Регина откликнулась:
– Ты у нас оптимист! Галина Васильевна, в институте он теперь, считайте, первый человек.
– Да ладно тебе, – отмахнулся Вальдемар.
– Что ладно? Разве не так говорю? После того, как всех сагитировал на марш протеста против старпёров-академиков, ты у нас авторитет непререкаемый. Я-то знаю.
– Не против академиков, – поправил Вальдемар, – а против того, чтобы депутатами в Верховный Совет выдвигали тех, кто из поколения дожития. Сегодня двигать надо прорабов перестройки, Заславскую, Шмелёва. А поросшие мхом старцы пусть себе дремлют в НИИ, в своих директорских креслах. Это раз. А два – атмосфера на марше была вдохновенная, потрясающая. Со всей Москвы учёный люд собрался, в основном, конечно, наш брат, эмэнэсы. Но какой подъём! Сколько эмоций! Все ощущают близость перемен. Зря ты, Орёл, советов не слушаешь. С твоей башкой ты бы сразу в перестроечные лидеры выбился, от научной среды. Перспективно…
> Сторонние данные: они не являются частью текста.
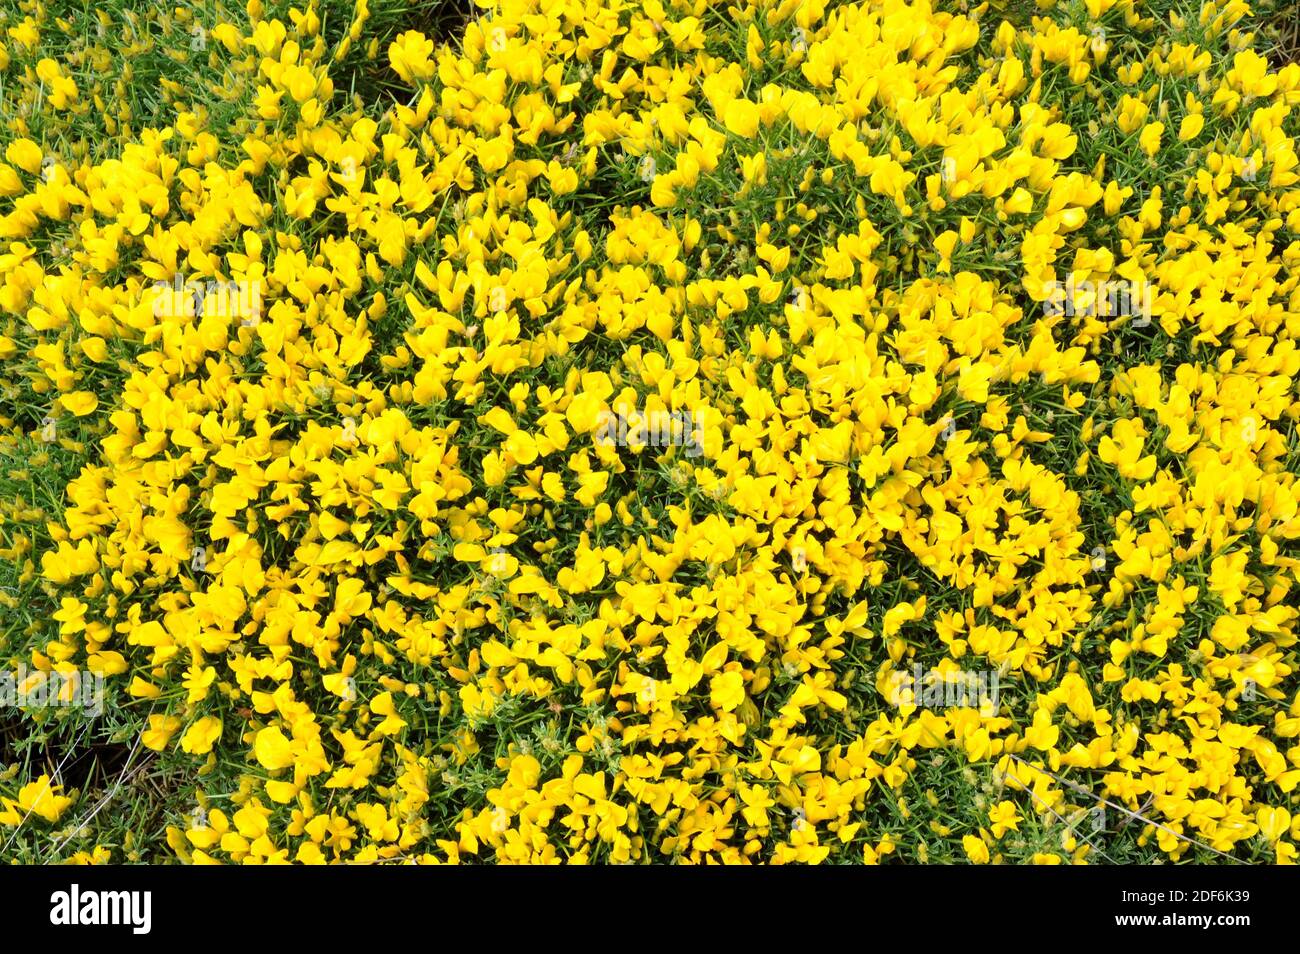 Horrible broom (Echinospartum horridum or Genista horrida) is a cushion-like thorny shrub endemic to Central Pyrenees and French Central Massif. This Stock Photo
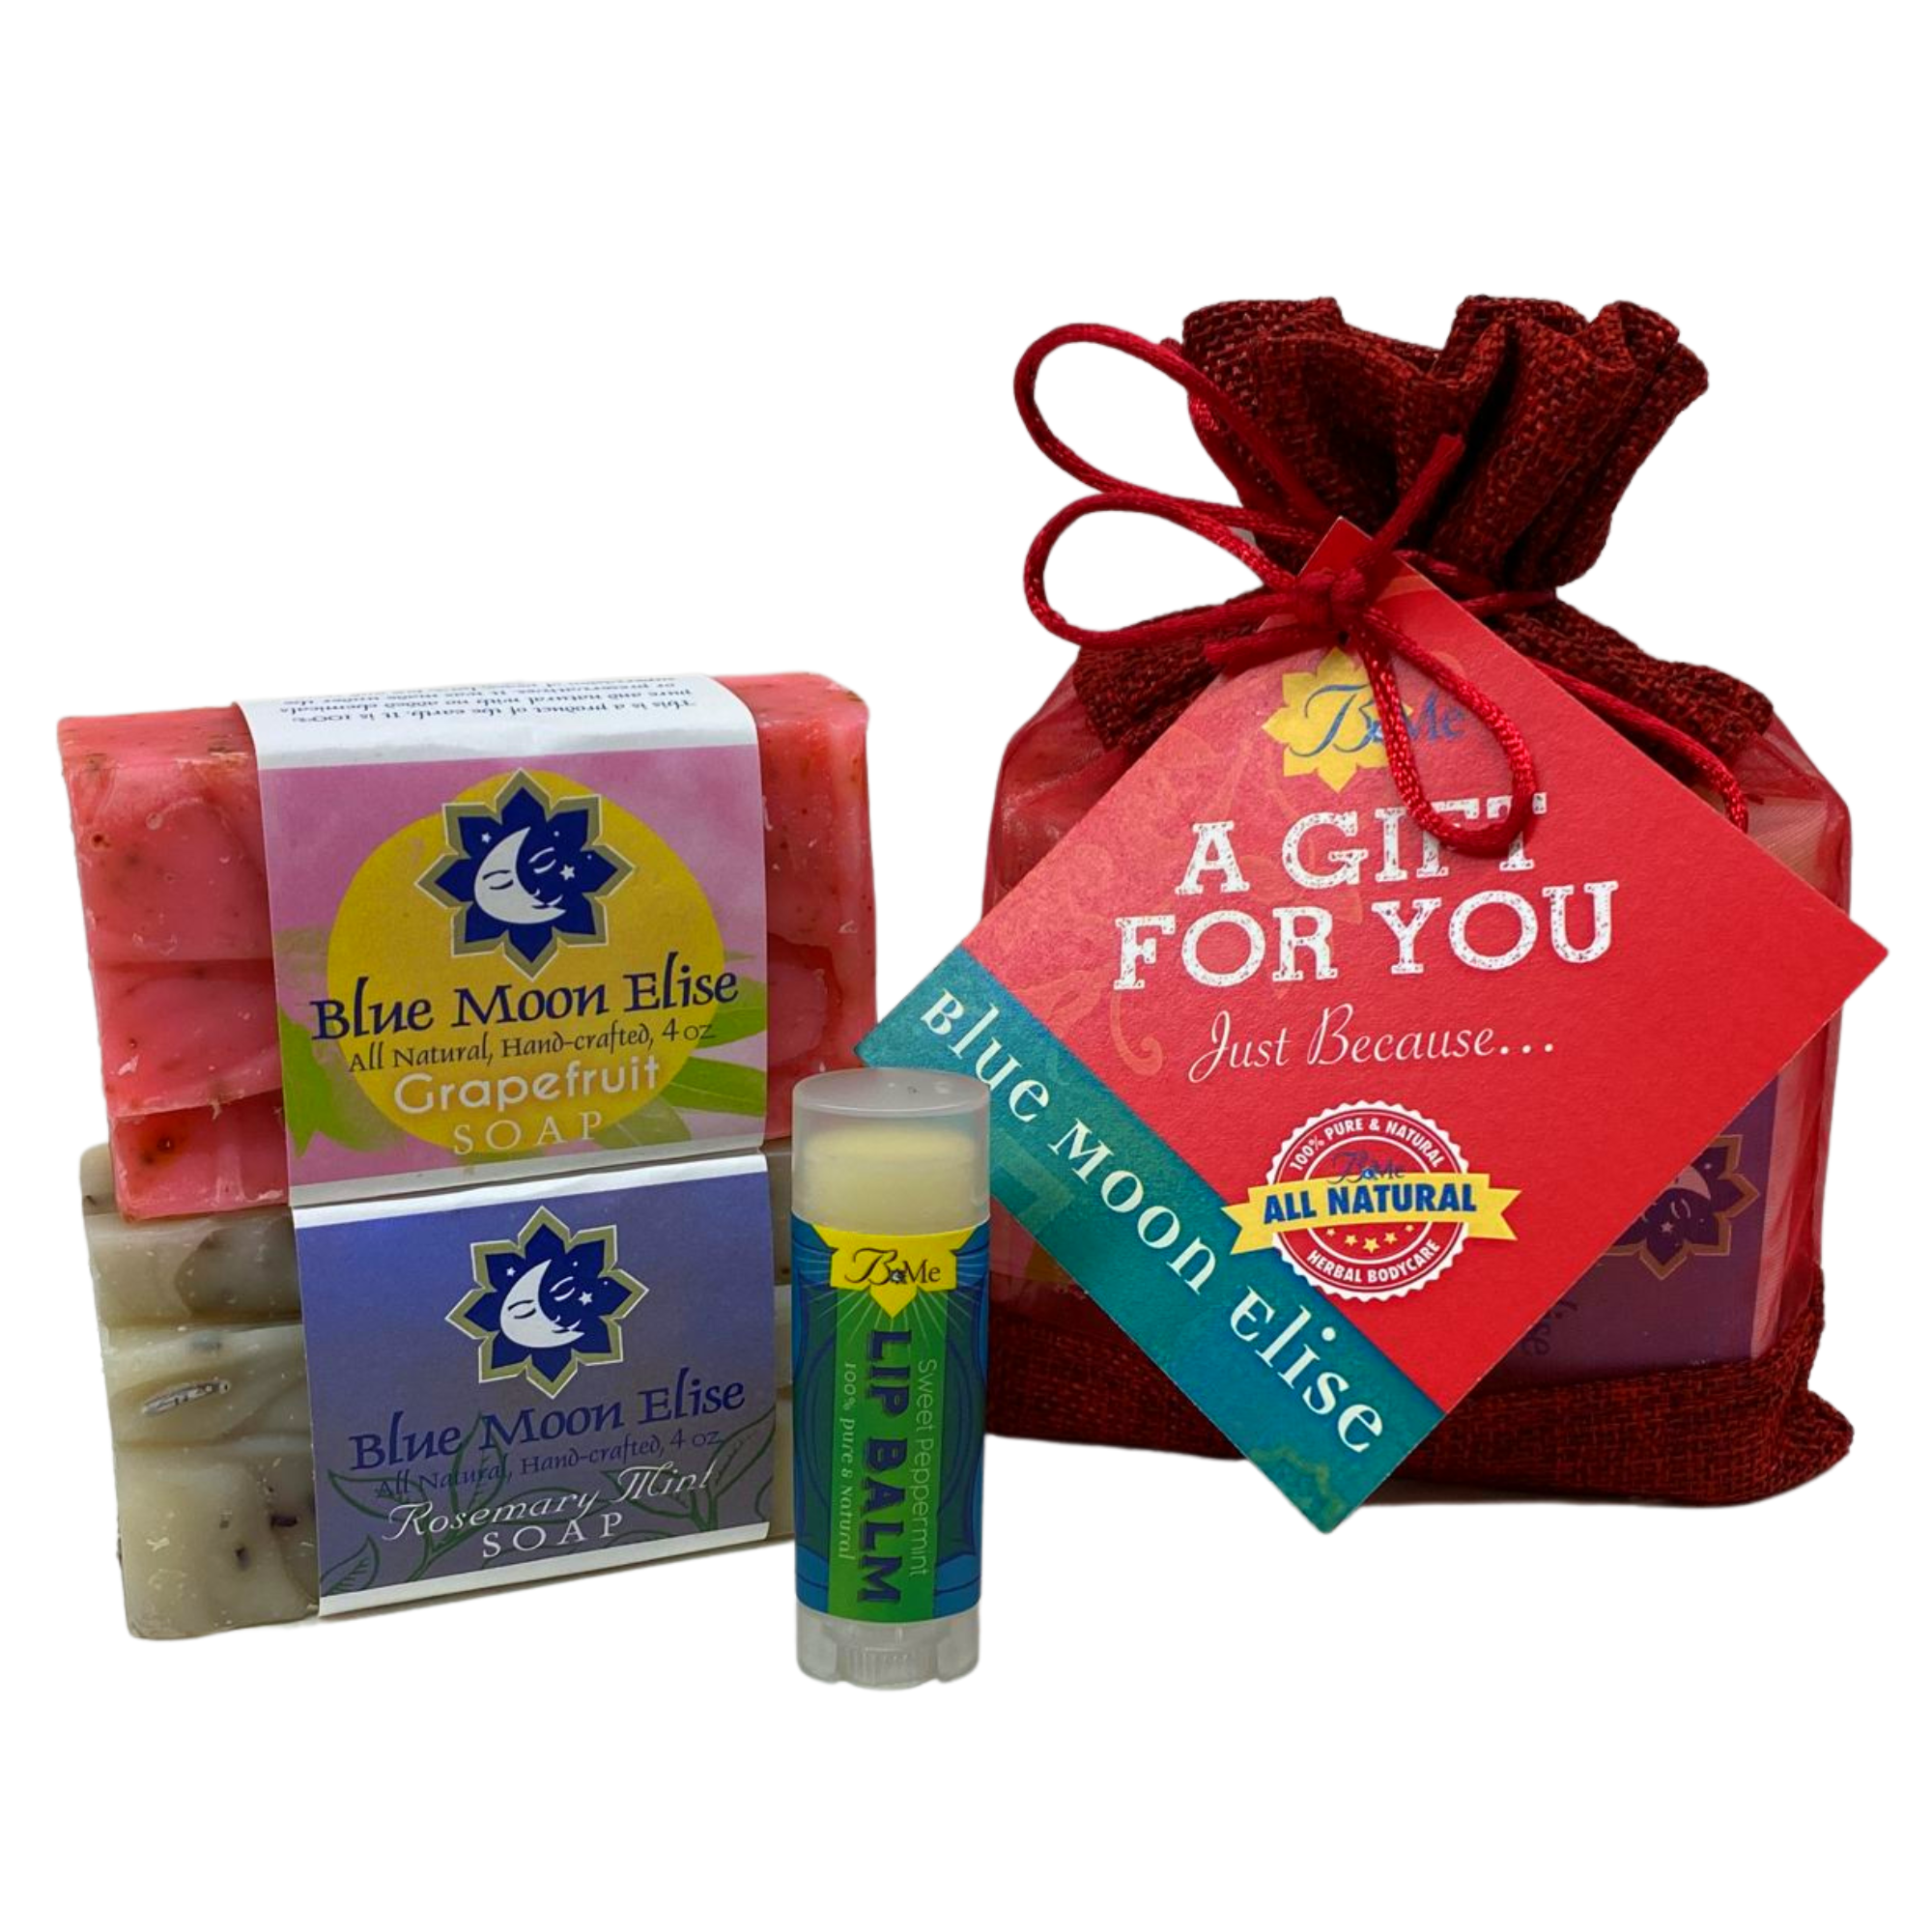 A Gift For You - Secret Santa/Small Token - BUY 4, GET 1 FREE

Костя слушал, потупив голову, словно провинившийся. А когда Вальдемар иссяк, развёл руками:
– Не-ет, я, пожалуй, в сторонке постою.
– Не веришь в победу перестройки?
– Если честно, Вальдемар, я про перестройку и не думаю. Конечно, понимаю, что регулировка системы назрела, однако же эти ведические знания про общечеловеческие ценности и прочую горбачёвскую лабуду моим мозгам не в подъём. Как говорится, примите мои уверения в совершеннейшем почтении и на слёты ваших активистов не зовите, а позвольте жить по своим соображениям. В институте жуткая суматоха, во всей стране суматоха, никому дела до настоящего дела нет. Ну, я и решил это межвременье, эту межеумочность использовать… – Запнулся. – У нас это словцо пока не привилось, его ещё не знают, а в Европах-то оно в ходу. Короче говоря, хочу использовать это непонятное время в цифровых целях, разобраться в хай-теке, которым сейчас западный мир дышит. Для того пи-си и нужен.
– Костя у нас уже на третьем курсе университета ай-ти, который сам себе нарисовал, – засмеялась Регина.
– Что такое «айти»? Впервые слышу, – спросила притихшая Анюта.
– Это и есть высокие технологии, – поторопился проявить осведомлённость Вальдемар. – Сфера, конечно, перспективная, но до нас эта волна не скоро докатится. Пока-а раскачаемся.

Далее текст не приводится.